The listing below is to be written out word for word, minus its images.

Data provided:

::::::::

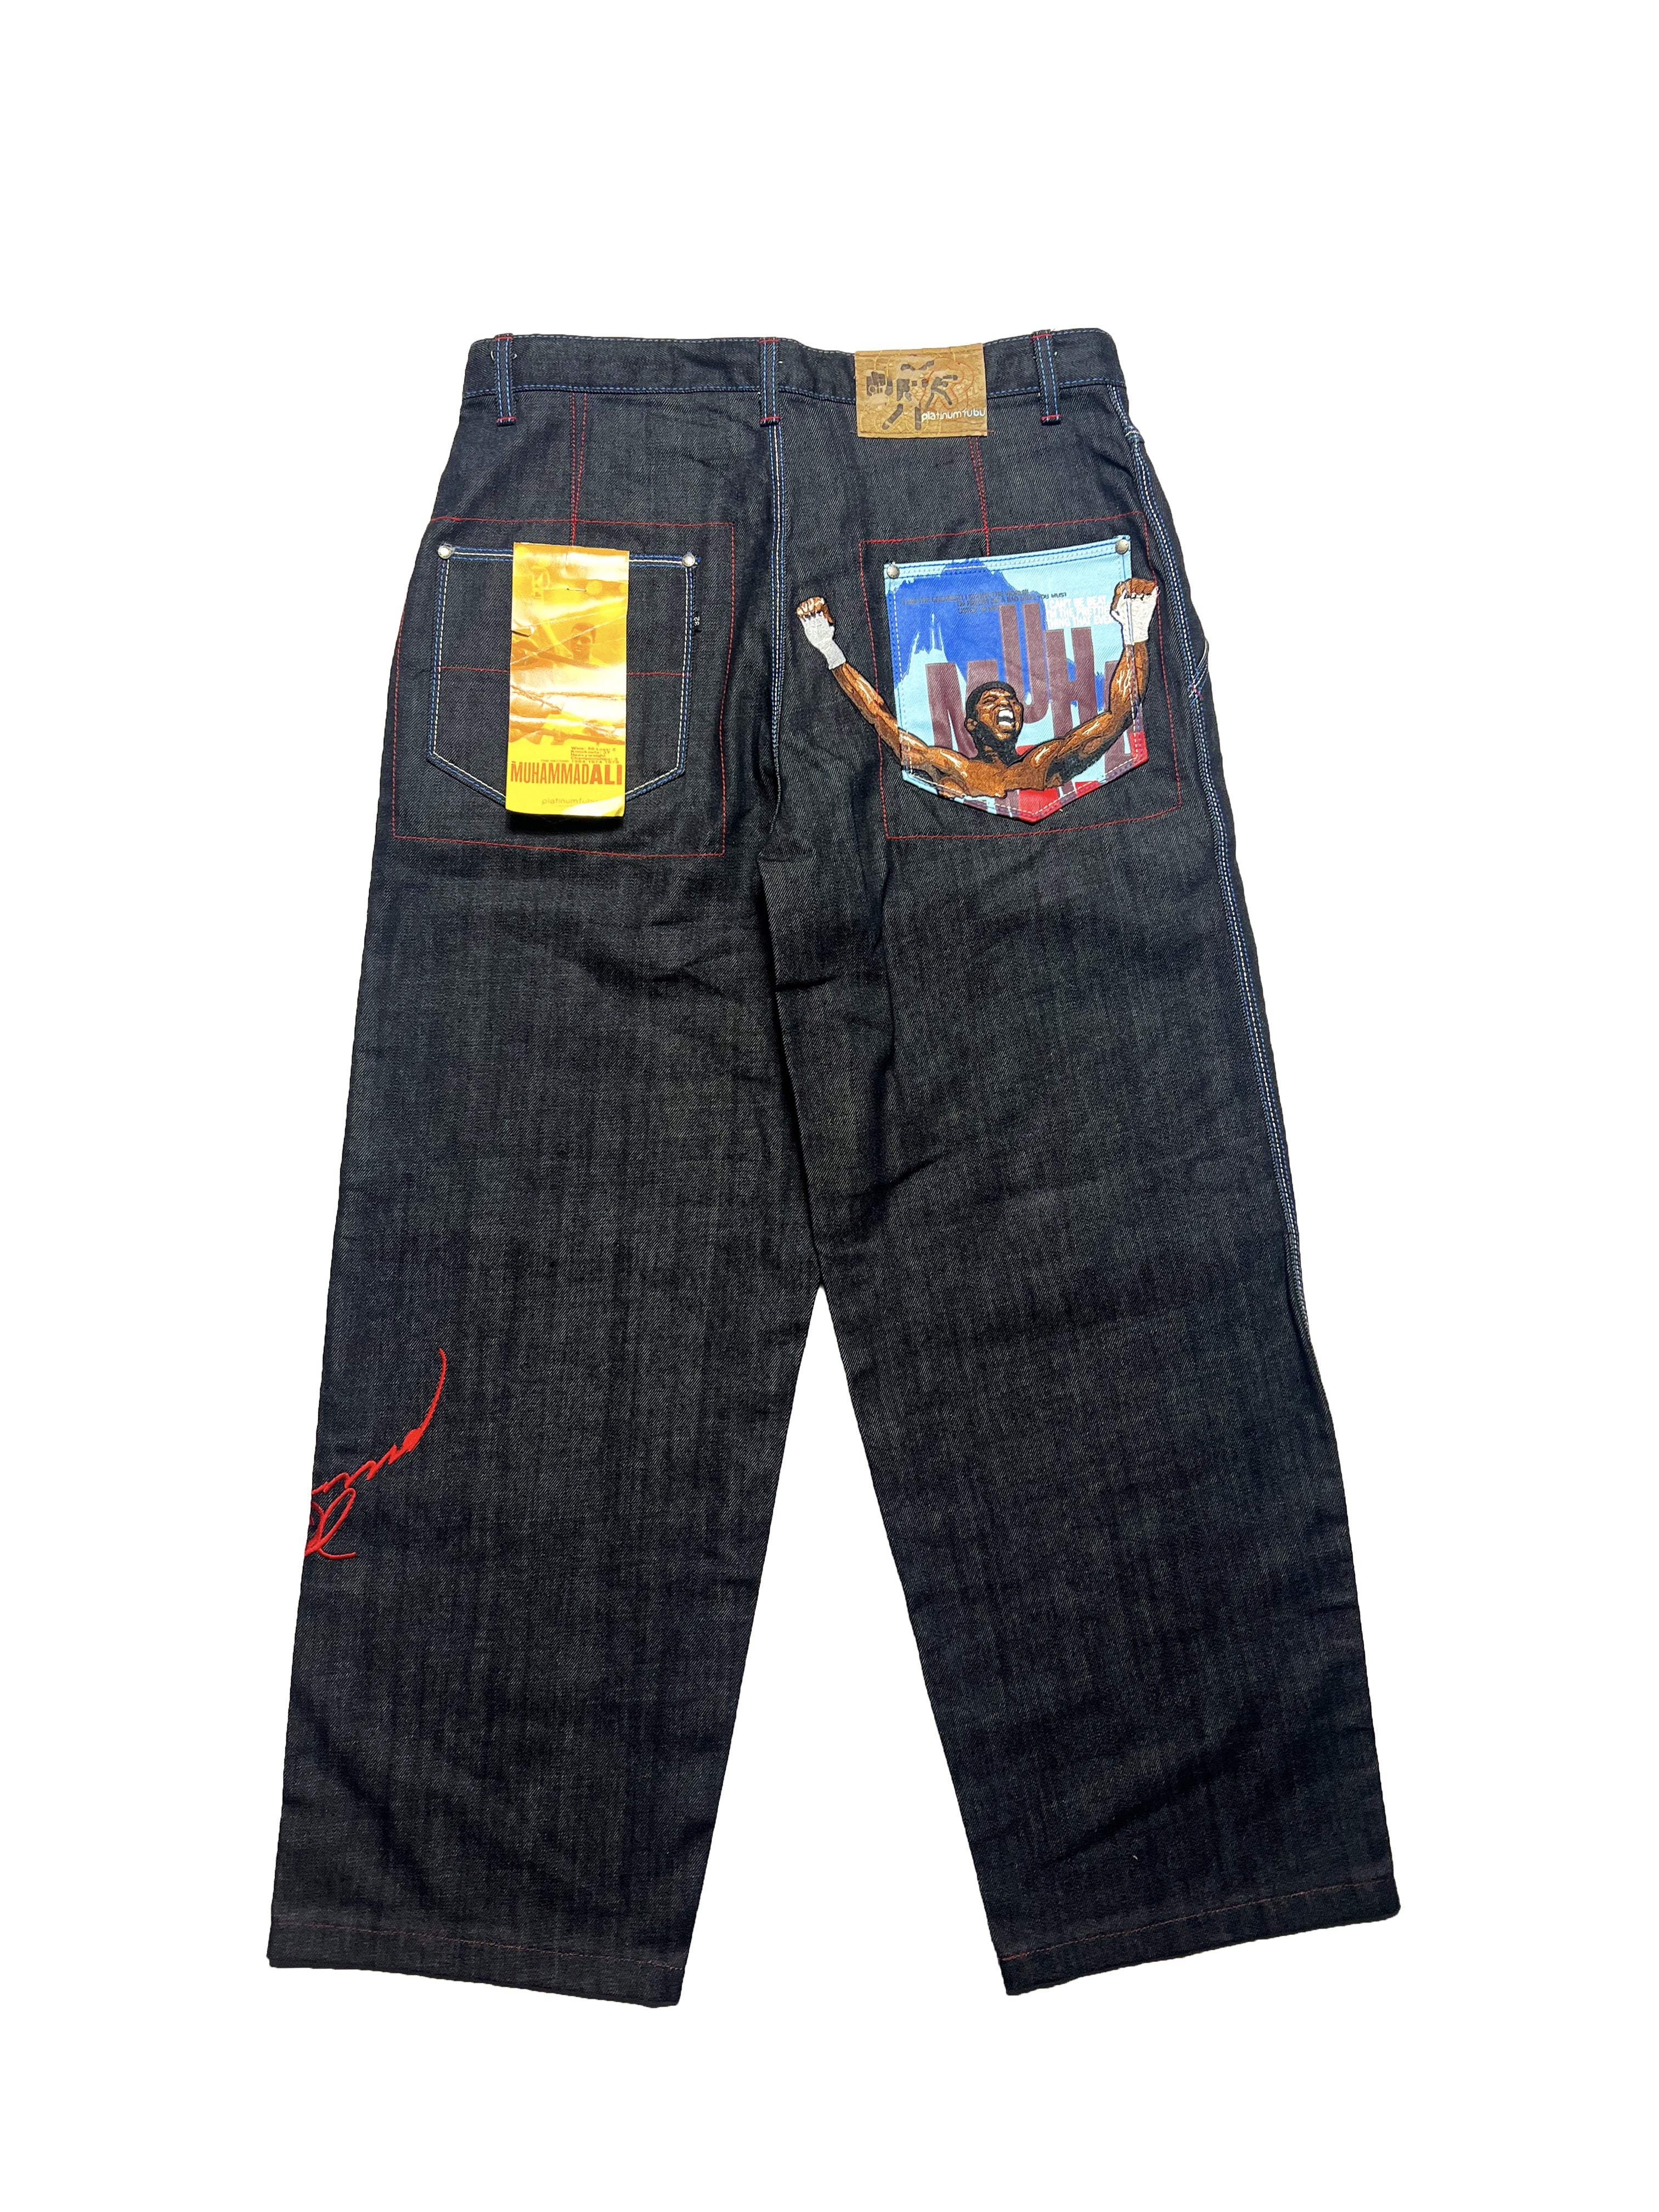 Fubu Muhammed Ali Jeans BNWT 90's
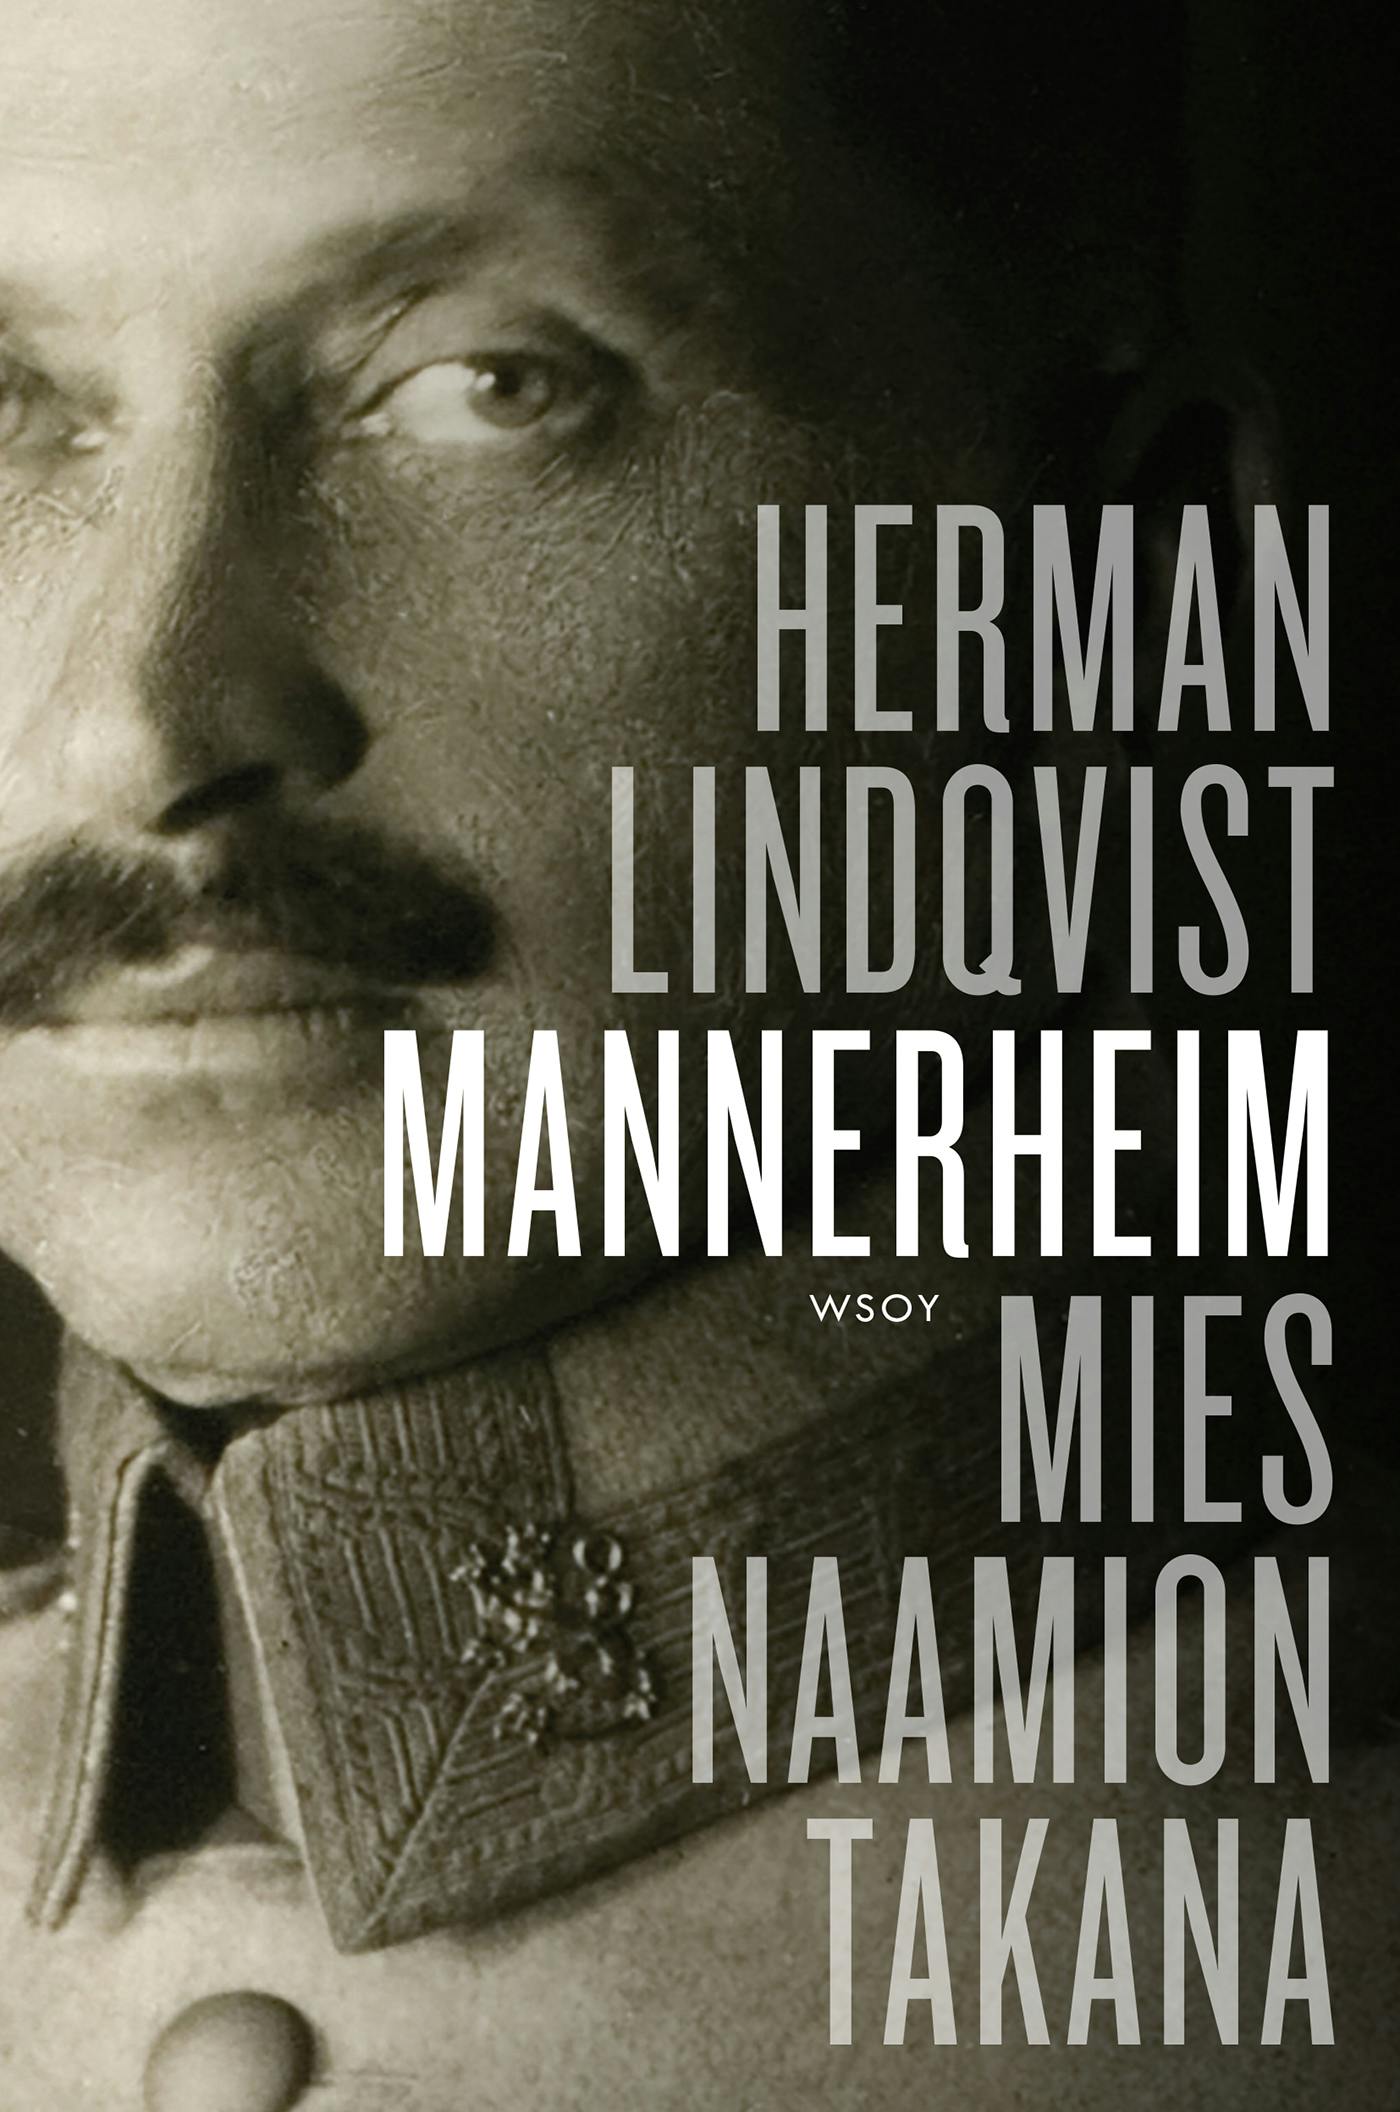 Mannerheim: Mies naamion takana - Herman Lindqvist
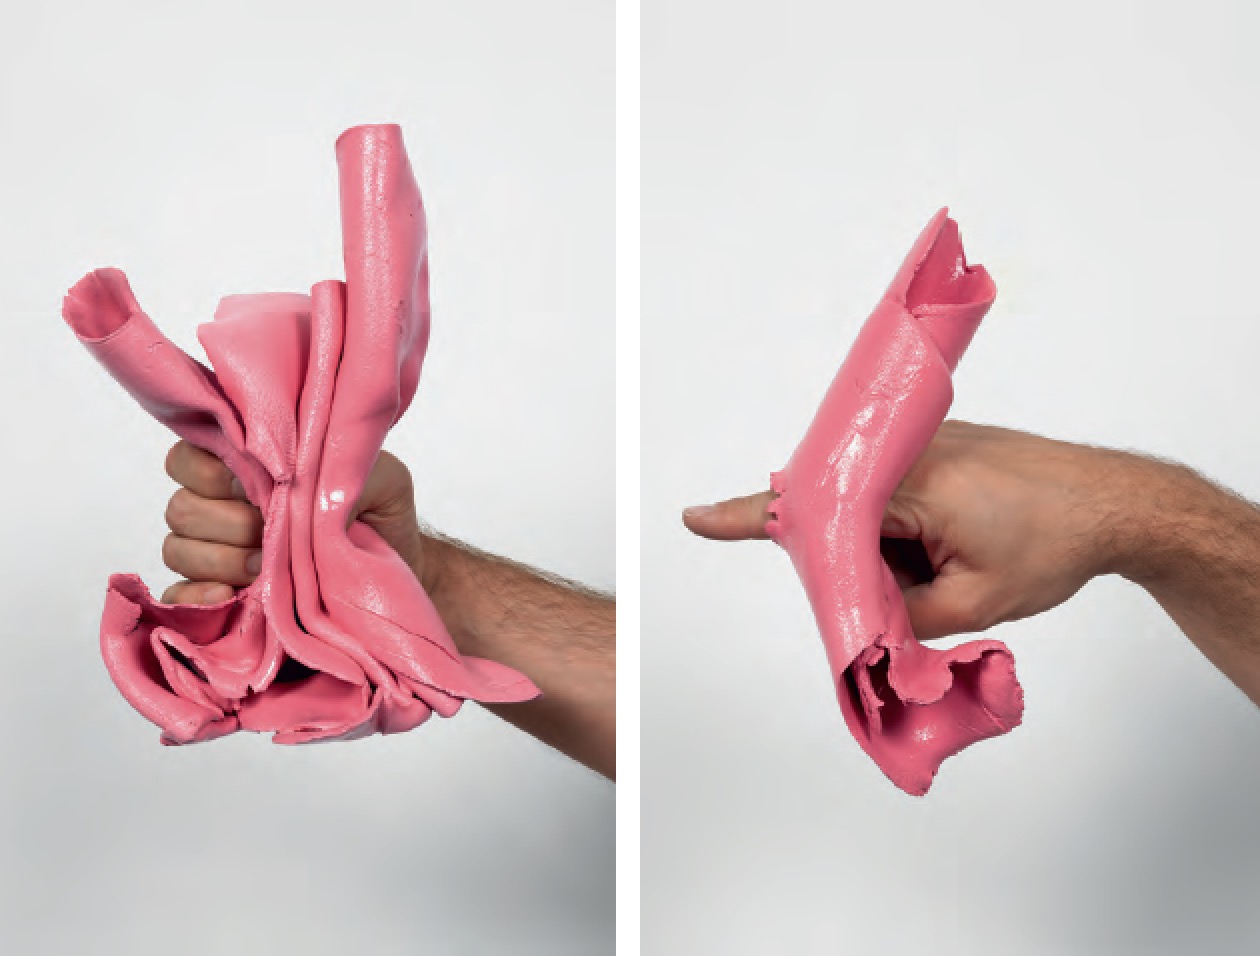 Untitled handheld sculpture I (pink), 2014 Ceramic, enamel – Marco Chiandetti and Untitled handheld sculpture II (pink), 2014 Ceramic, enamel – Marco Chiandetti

::::::::

Exercise answer:
 Fubu Muhammed Ali Jeans BNWT 90's
 Mannerheim: Mies naamion takana - Herman Lindqvist
 Untitled handheld sculpture I (pink), 2014 Ceramic, enamel – Marco Chiandetti and Untitled handheld sculpture II (pink), 2014 Ceramic, enamel – Marco Chiandetti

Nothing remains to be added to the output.